Mentre per i partecipanti della Gunn-Rita Marathon - Gf del Montello 2009 l'impegno e la fatica si sono esaurite in massimo 9 ore, per il team Pedali di Marca il lavoro continua almeno per un altro mese. Come d'altronde era incominciato almeno 8 mesi prima. Otto mesi fa, con la richiesta all'UCI (diventato poi il pomo della discordia di queste ultime settimane), di far valere la nostra manifestazione quale campionato italiano Marathon. Dopo tanto parlare alle spalle, e poco fare attivamente da parte di uno sparuto numero di atleti elite, ora è il momento di chiarire alcune importanti cose.
Lo scorso ottobre la seconda prova di Coppa del Mondo svoltasi in Francia era valida quale campionato francese Marathon. Da qui la nostra richiesta alla struttura internazionale, alla luce della fresca assegnazione del mondiale 2011 e del già in saccoccia Europeo 2010, di mantenere la titolazione di gara internazionale (così dal 2006 e unica in Italia di categoria C1 per il 2009) seppur campionato italiano. L'UCI accoglieva favorevolmente la nostra richiesta, ratificata poi, il 28 dicembre 2008, dal consiglio federale della FCI.
Qui la prima risposta che vorrei dare a quanti ci accusano di non averne mai dato comunicazione. Anzi, accusandoci di aver raggirato i regolamenti. I regolamenti sono stati perfettamente rispettati da Pedali di Marca. In difetto non siamo noi, ma piuttosto chi sostiene di non averlo saputo se non quindici giorni prima della gara. In Italia, quando si parla di codici, regole e regolamenti, l'ignoranza, intesa come il non sapere le cose per mancata informazione, non è ammessa. E non accettiamo neppure che la scelta venga definita 'commerciale' da parte proprio di alcuni e noti Team Manager che i calendari li conoscono perfettamente, ma solo per andare a battere cassa per tempo. Chi è più 'commerciale'?
Nei nostri comunicati stampa, fin dalla presentazione del trittico avvenuta il 13 dicembre, con guest star Roel Paulissen, si parlava appunto della gara internazionale abbinata al campionato nazionale. D'altronde se sospetto doveva esserci, poteva partire dal fatto che il rientro in gara, dopo la maternità, della nostra testimonial Gunn-Rita Dahle, era previsto per la gara a lei intitolata. Ma non come ospite, i regolamenti lo vietano, e Pedali di Marca i regolamenti li rispetta non li raggira. Il secondo momento 'pubblico' da parte della FCI è il comunicato nr. 41 del 19 marzo con il quale si annunciava che la gara Marathon Internazionale in calendario il 28 giugno 2009 a Montebelluna (TV) denominata Gunn Rita Marathon e valida per l'assegnazione del Campionato Italiano Marathon 2009 rinunciava per incompatibilità di sponsor alla 3° prova del circuito Marathon Tour 2009.

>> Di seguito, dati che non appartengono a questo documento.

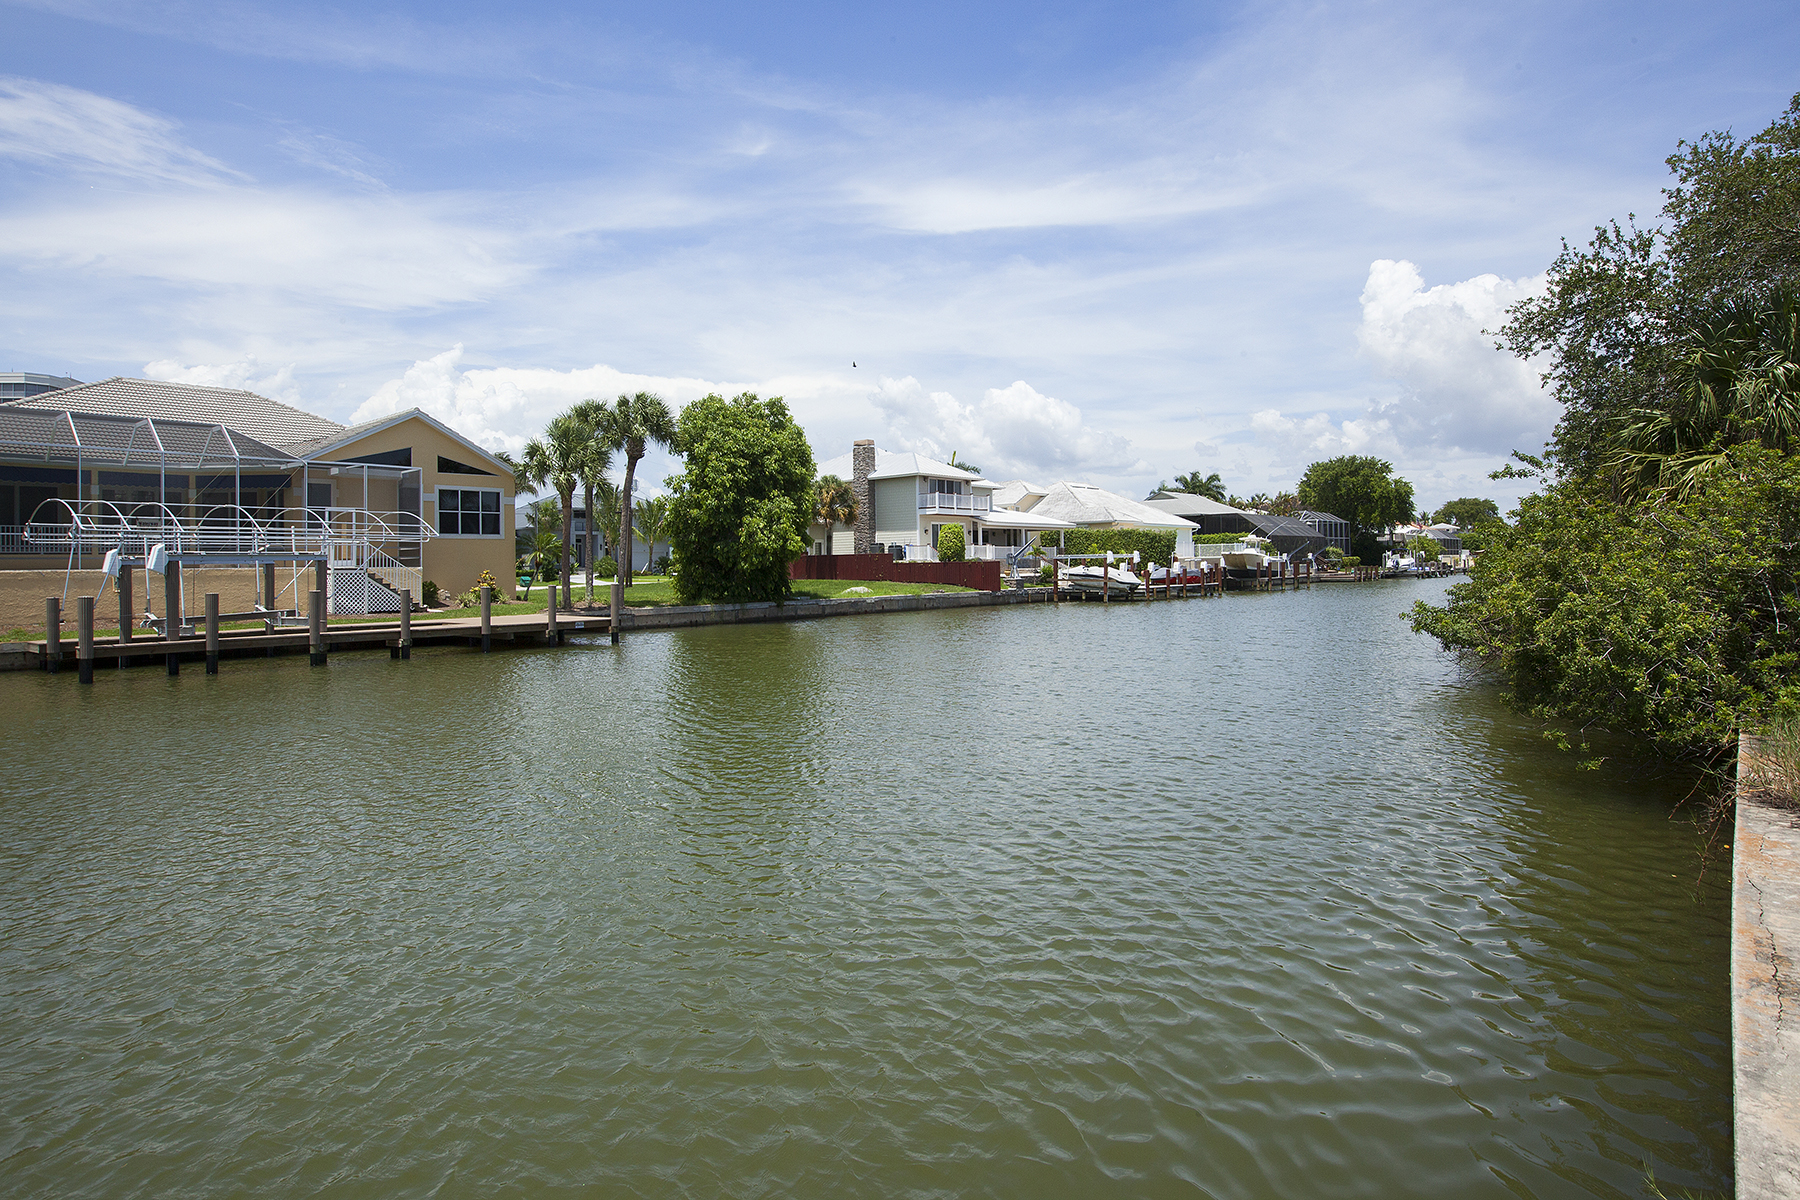 토지 용 매매 에 229 Heron Ave , Naples, FL 34108-2113 229 Heron Ave Naples, 플로리다 34108 미국

Ma la vera 'bomba' (ed usiamo i termini di guerra, visto che qualche atleta elite ha usato i nostri avi cha hanno difeso la linea del Piave per respingere lo straniero a similitudine dello sciopero contro l'atleta 'straniero') era preceduta da una 'granata' legata alla questione Expo. Abbiamo sempre promesso di dare al Campionato Italiano una grande visibilità e dignità, promettendo un protocollo importante e fastoso. Presenza di Rai, Sky, Mediaset e Sportitalia, per quanto riguarda la TV; Gazzetta dello Sport e Tuttosport, in primis per la carta stampata, non dimenticando tutti i siti web e le riviste di settore. Una manifestazione che, con tutto il rispetto per gli amici degli altri C.O., non ha eguali in Italia per quanto riguarda la risonanza mediatica.
Se abbiamo chiesto dei rimborsi per gli spazi che sarebbero andati ad essere occupati con mezzi e strutture, avevamo una duplice funzione. Primo, coprire i costi vivi che il C.O. andava a sostenere (energia elettrica, asporto rifiuti, tassa occupazione suolo pubblico, vigilanza); secondo, ripagarsi dell'immagine che avremmo garantito al mondo della MTB e soprattutto al vincitore dell'Italiano (chiedere allo sponsor presente sulla maglia del vincitore). La polemica veniva accesa con un comunicato firmato da vari Team inoltrato ad un noto web magazine. La cosa che ci ha stupito è che abbiamo avuto sempre rapporti quanto meno cordiali con atleti e Team Manager. Un attacco premeditato e vigliacco come questo non ce lo saremmo mai aspettato.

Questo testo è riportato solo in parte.